Access the Video Interview Here: TigerGraph & The Graph Database
Hi, I'm Mike Matchett with Small World Big Data, and today we're gonna talk about one of my favorite topics, which is graph databases. I've got TigerGraph here, and we're gonna talk about what their new graph database, although it's not that new. But what they do that's different than other graph databases you've heard about. And if you don't know anything about graph databases, now is the perfect time to start looking at them and figuring out what they can do for you. With that, let me introduce Todd Blaschka, who's the COO of TigerGraph. Welcome.
- Alright, so, first there are open source graph databases. There are other graph databases. Before you even get into what a graph database is, why did TigerGraph enter the database market? Because there's like 40 operational databases out there. Why did you guys do this?

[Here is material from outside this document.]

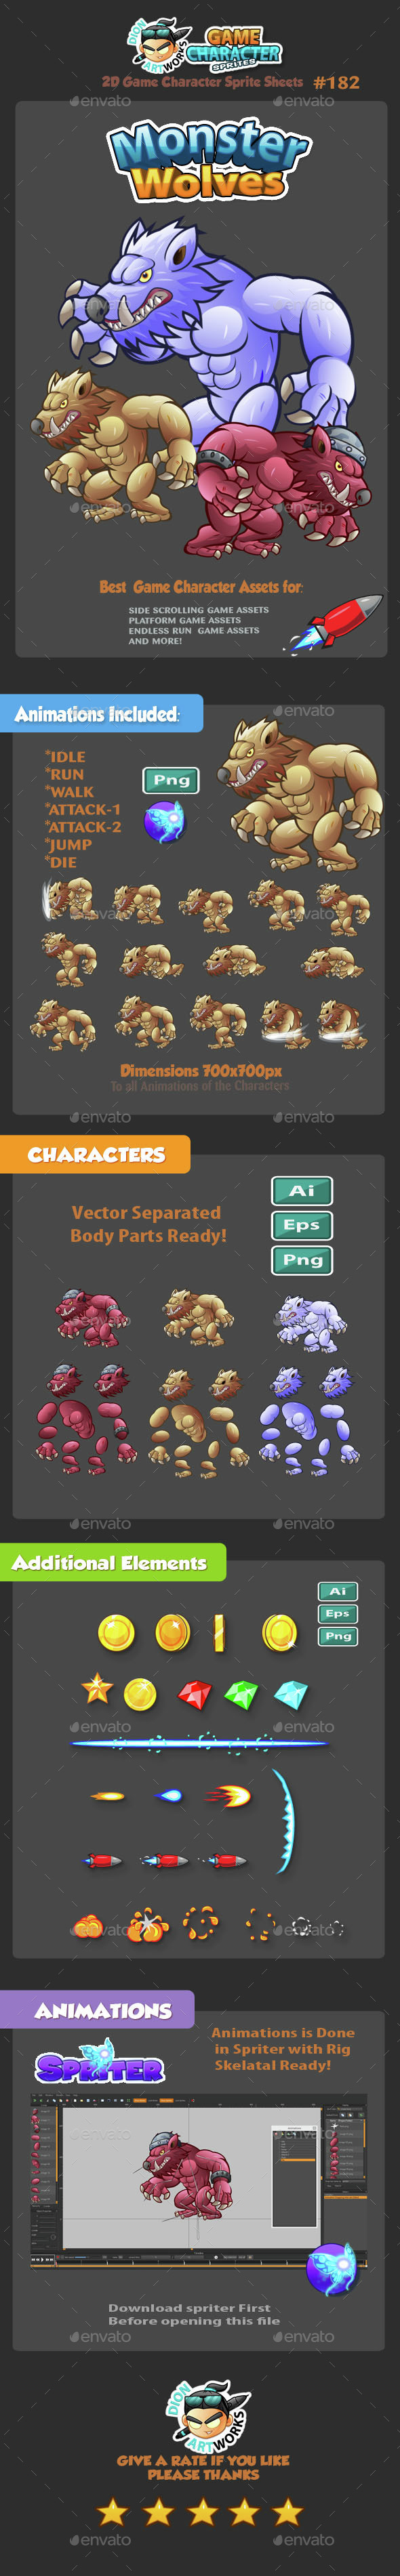 Monster Wolves 2D Game Character Sprites 182 - Sprites Game Assets

- We entered the database market, we started the company in 2012. And when we looked and surveyed the market, there was not a graph database that was native to support massively parallel processing. So in the world of MPP, could be able to handle large data sets very fast, from data ingestion to data access, there was no other graph database on the market that could support what we felt was going to be a big data revolution. And now we're seeing a big data revolution. And so we launched the company publicly just about a year ago. And it took 5 years for us to develop this technology.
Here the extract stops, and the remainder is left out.